Systems vs Goals & Measuring Progress

Systems vs Goals:

“The purpose of setting goals is to win the game. The purpose of building systems is to continue playing the game. True long-term thinking is goal-less thinking. It’s not about any single accomplishment. It is about the cycle of endless refinement and continuous improvement.”

  • “A systems-first mentality provides the antidote. When you fall in love with the process rather than the product, you don’t have to wait to give yourself permission to be happy. You can be satisfied anytime your system is running.”
  • “It’s remarkable what you can build if you just don’t stop. It’s remarkable the business you can build if you don’t stop working. It’s remarkable the body you can build if you don’t stop training. It’s remarkable the knowledge you can build if you don’t stop learning. It’s remarkable the fortune you can build if you don’t stop saving. It’s remarkable the friendships you can build if you don’t stop caring. Small habits don’t add up. They compound.

Measuring Progress:

Simple Rule:Never miss twice…Missing once is an accident.
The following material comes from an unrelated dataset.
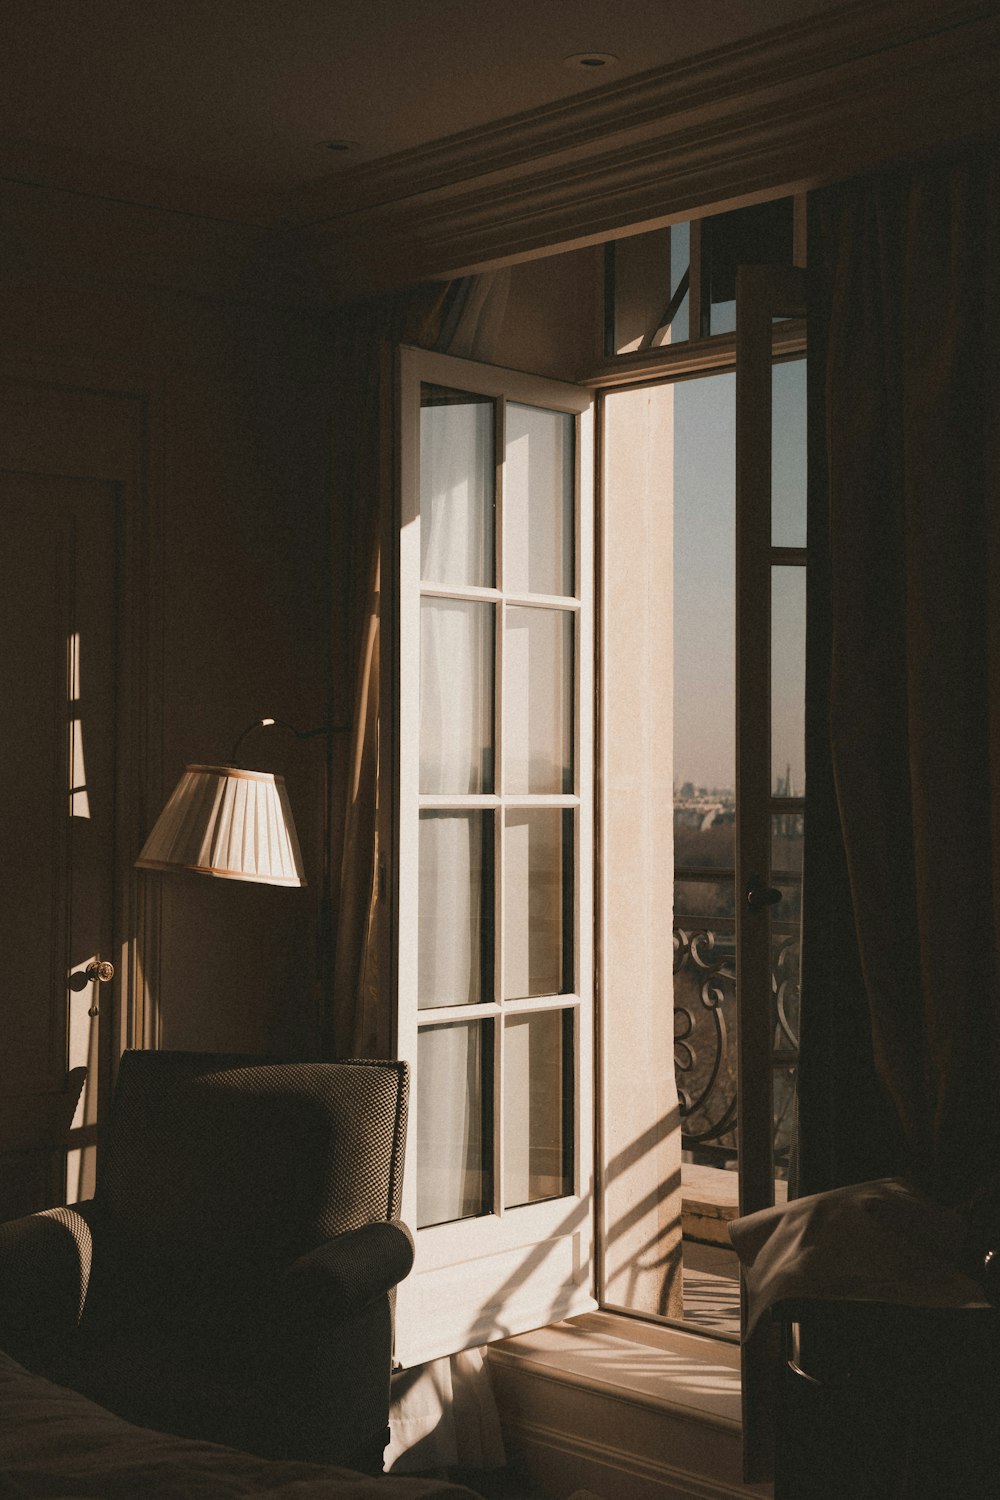 a chair sitting in front of a window next to a lamp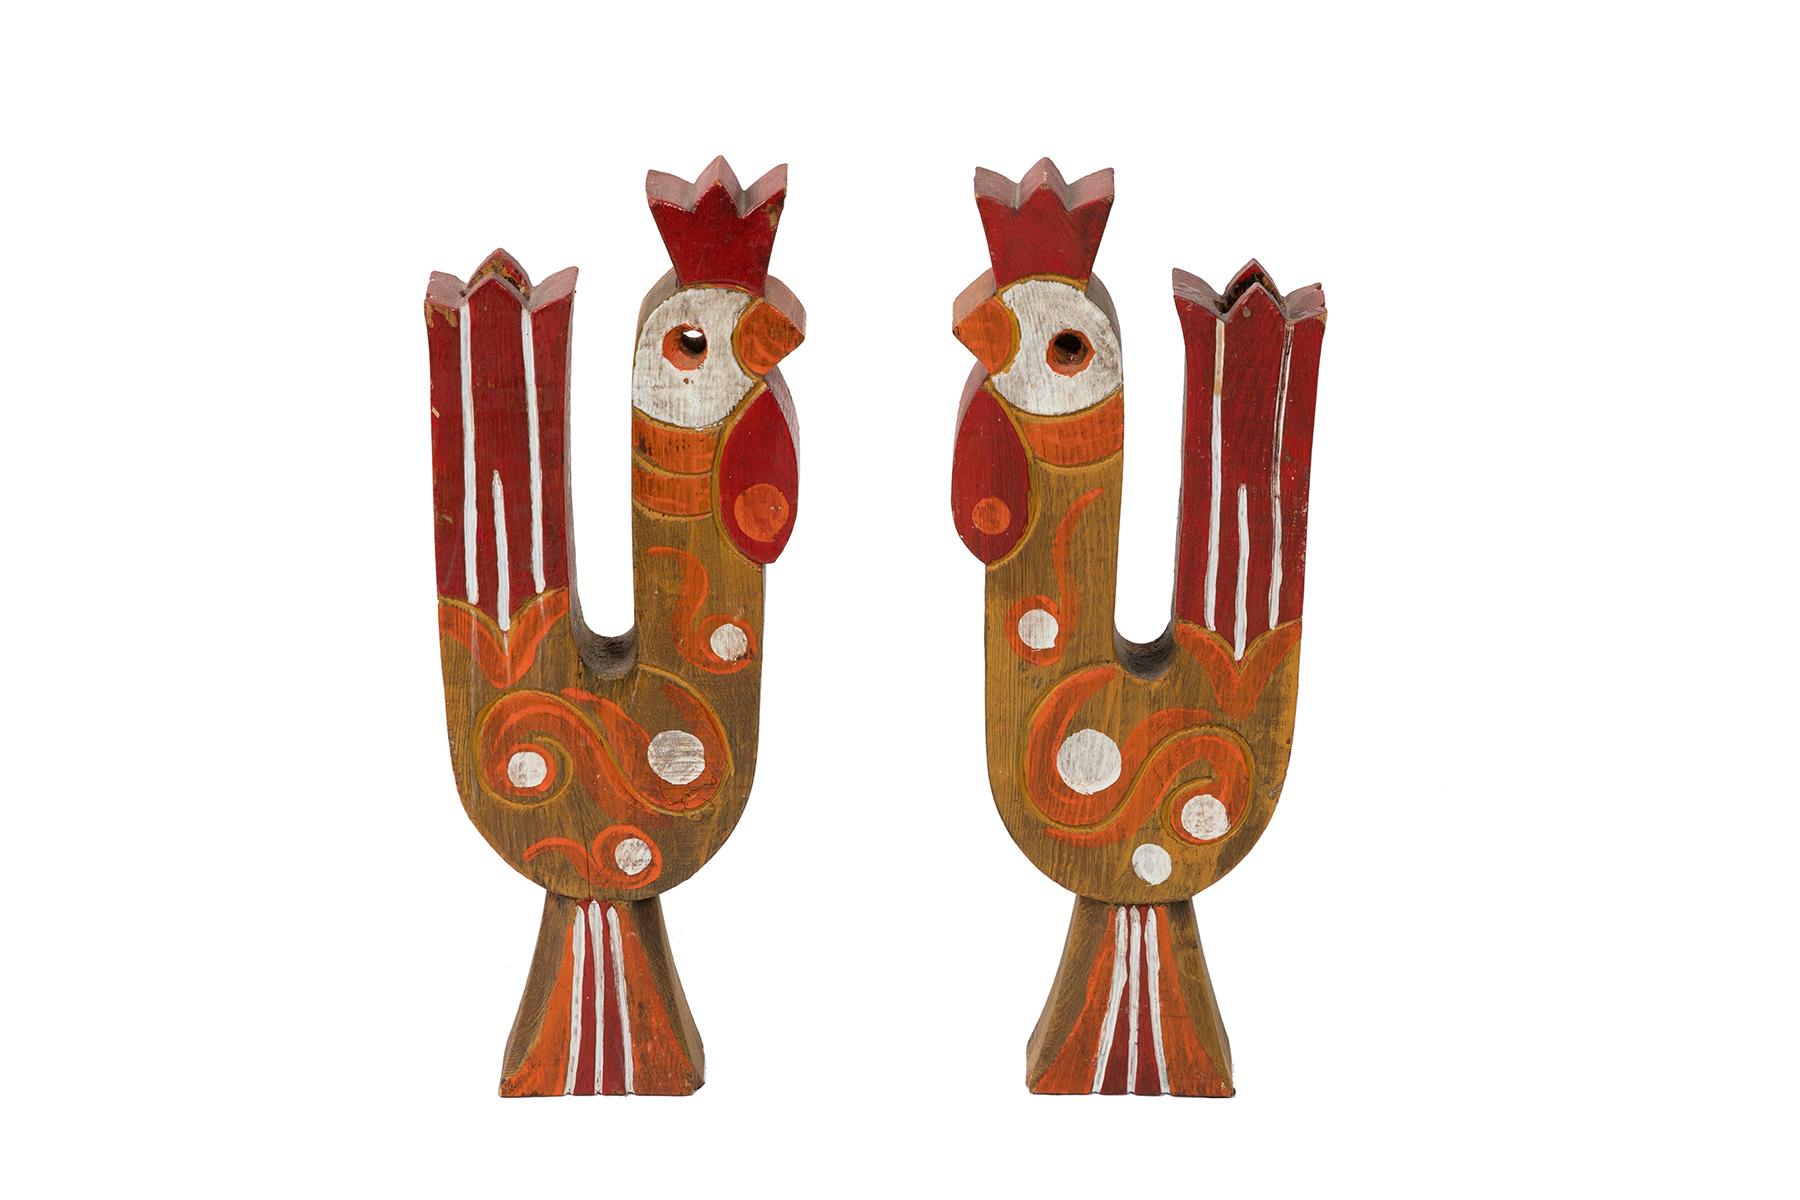 Pair of wonderful folk art candle holders from Mexico circa late 1960's. wonderful color and presence to these. Price listed is for the pair.

Missing twice is the start of a new habit.”

  • Habit Tracking: “Perhaps the best way to measure your progress is with a habit tracker…Habit tracking (1) creates a visual cue that can remind you to act, (2) is inherently motivating because you see the progress you are making and don’t want to lose it, and (3) feels satisfying whenever you record another successful instance of your habit. Furthermore, habit tracking provides visual proof that you are casting votes for the type of person you wish to become, which is a delightful form of immediate and intrinsic gratification.”
  • 1 Percent Better: “If you can get 1 percent better each day for one year, you’ll end up thirty-seven times better by the time you’re done. Conversely, if you get 1 percent worse each day for one year, you’ll decline nearly down to zero. What starts as a small win or a minor setback accumulates into something much more.”
  • Time: “Time magnifies the margin between success and failure. It will multiply whatever you feed it. Good habits make time your ally. Bad habits make time your enemy.
  • Outcomes:Your outcomes are a lagging measure of your habits. Your net worth is a lagging measure of your financial habits. Your weight is a lagging measure of your eating habits. Your knowledge is a lagging measure of your learning habits. Your clutter is a lagging measure of your cleaning habits. You get what you repeat.
  • Reflection and Review: “Reflection can also bring a sense of perspective. Daily habits are powerful because of how they compound, but worrying too much about every daily choice is like looking at yourself in the mirror from an inch away. You can see every imperfection and lose sight of the bigger picture. There is too much feedback. Conversely, never reviewing your habits is like never looking in the mirror. You aren’t aware of easily fixable flaws — a spot on your shirt, a bit of food in your teeth. There is too little feedback. Periodic reflection and review is like viewing yourself in the mirror from a conversational distance. You can see the important changes you should make without losing sight of the bigger picture. You want to view the entire mountain range, not obsess over each peak and valley.”

Understanding the Brain, Genes, Personality, & Talents

How the Brain Works:

“It is only recently — during the last five hundred years or so — that society has shifted to a predominantly delayed-return environment. Compared to the age of the brain, modern society is brand-new.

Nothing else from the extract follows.